From what I can tell, we are not benefiting from caching in either environment so I am not clear why 2.3.3, despite the new autocaching, would be penalized so much.

Now the real head scratcher is this: the query times and hot threads above are from production—we also have a QA 2.3.3 cluster with a similar size corpus as prod but sized with half the nodes to save on cost (same number of shards). This QA cluster does not receive real-time updates like the prod cluster does. Even with half the number of nodes, the smaller 2.3.3 QA cluster performs similarly to our old 1.4.2 prod cluster and is therefore faster than the larger 2.3.3 cluster.

From the above, it seems that the real-time updates have a much more adverse effect on 2.3.3 compared to pre-2.x versions?

gpstathis · 2016-06-08T16:55:43Z

Here is the profiler output:

https://gist.github.com/gpstathis/d284e2ad8b8ac3830901549c558ce36b

Because of #18693, take the numbers with a grain of salt but one can still see that the majority of the time is spent on iterating over the matches which is validated when reducing the date range in the query: the shorter the date range the faster the response times.

nik9000 · 2016-06-08T17:45:22Z

I don't know much about GlobalOrdinals, but it looks like they come up in this issue. Does anyone who knows more want to take a look?

gpstathis · 2016-06-09T04:35:34Z

Thanks @nik9000. I don't know if this is only for Aggregations, but according to https://www.elastic.co/guide/en/elasticsearch/guide/current/preload-fielddata.html#global-ordinals:

Once global ordinals have been rebuilt, they will be reused until the segments in the index change: after a refresh, a flush, or a merge

So if we update the index frequently and keep merging, we don't really give global ordinals the chance to build up. In theory then, if we extend refresh_interval we should be able to see the benefits from global ordinals.
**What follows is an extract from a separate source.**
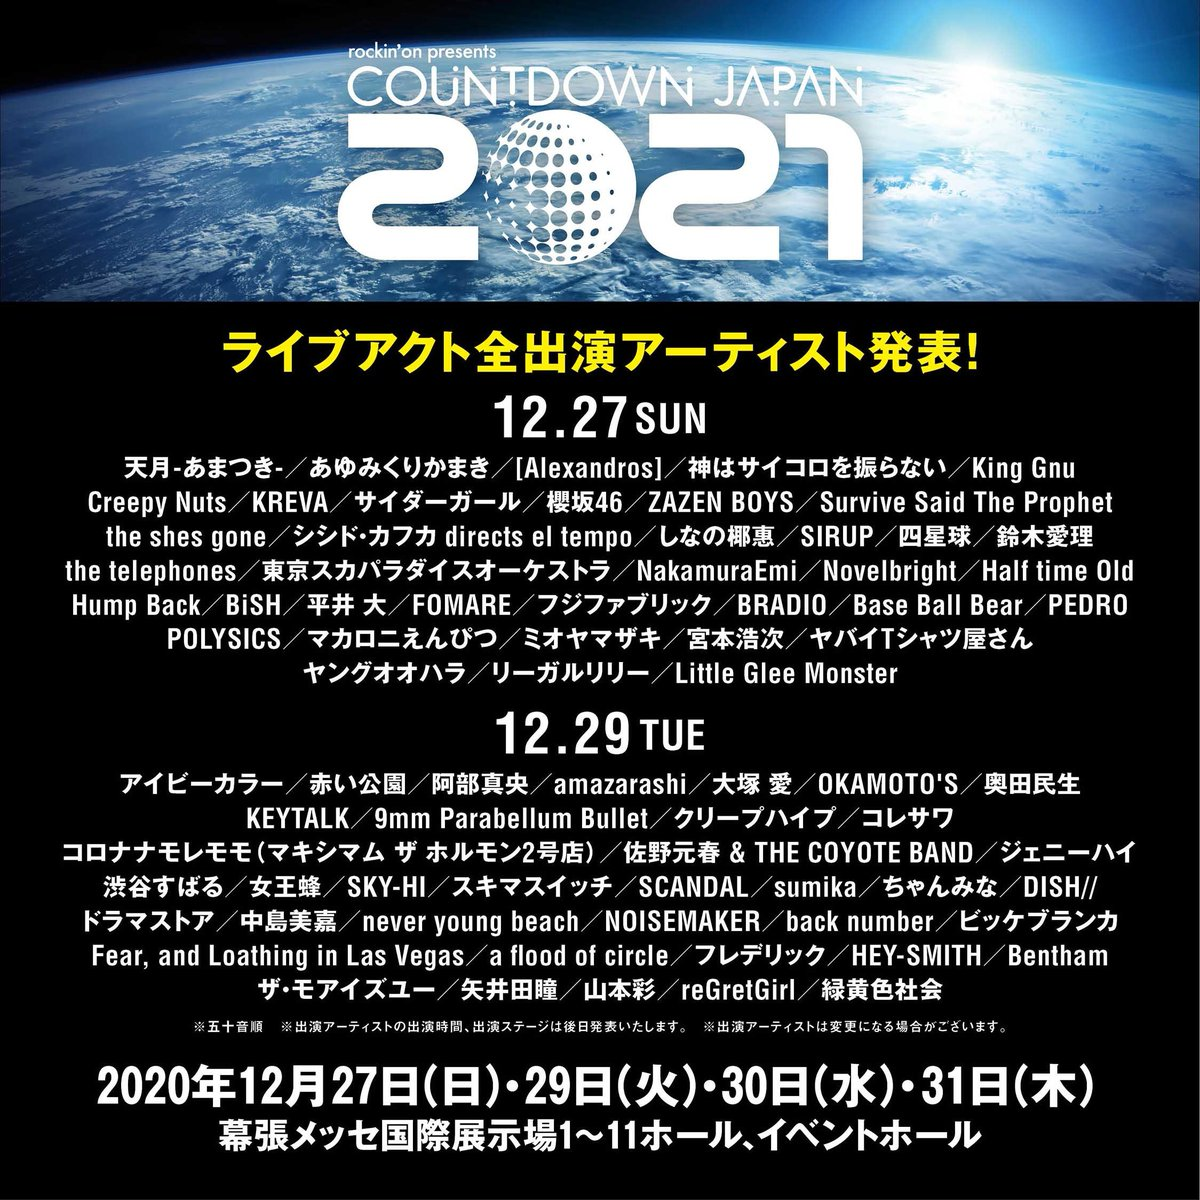 CDJ20/21は12/27(日)・29(火)・30(水)・31(木)の4日間、幕張メッセ国際展示場1~11ホール、イベントホールで開催

I tested this by setting refresh_interval to 120s—there was no difference in the response times.

jpountz · 2016-06-09T08:23:15Z

I could be wrong, but since documents are only allowed to have a single parent, you should be able to run this query with a single join instead of 3.

{
  "from": 0,
  "size": 25,
  "query": {
    "constant_score": {
      "filter": {
        "bool": {
          "filter": [
            {
              "has_parent": {
                "query": {
                  "bool": {
                    "filter": [
                      {
                        "terms": {
                          "itype": [
                            "person"
                          ]
                        }
                      },
                      {
                        "term": {
                          "tags": "bf0c5985e9644cf3:infs/acct/"
                        }
                      },
                      {
                        "term": {
                          "tags": "bf0c5985e9644cf3:infs/proj/21694/"
                        }
                      }
                    ]
                  }
                },
                "parent_type": "influencer"
              }
            },
            {
              "range": {
                "publishedDate": {
                  "from": "2015-04-29T00:00:00-0400",
                  "to": "2016-06-02T23:59:59-0400",
                  "include_lower": true,
                  "include_upper": true
                }
              }
            }
          ]
        }
      }
    }
  },
  "fields": "*",
  "sort": [
    {
      "publishedDate": {
        "order": "desc"
      }
    }
  ]
}

Given that the hot threads suggest that the bottleneck is the join, this should help on both versions and might also help reduce the gap.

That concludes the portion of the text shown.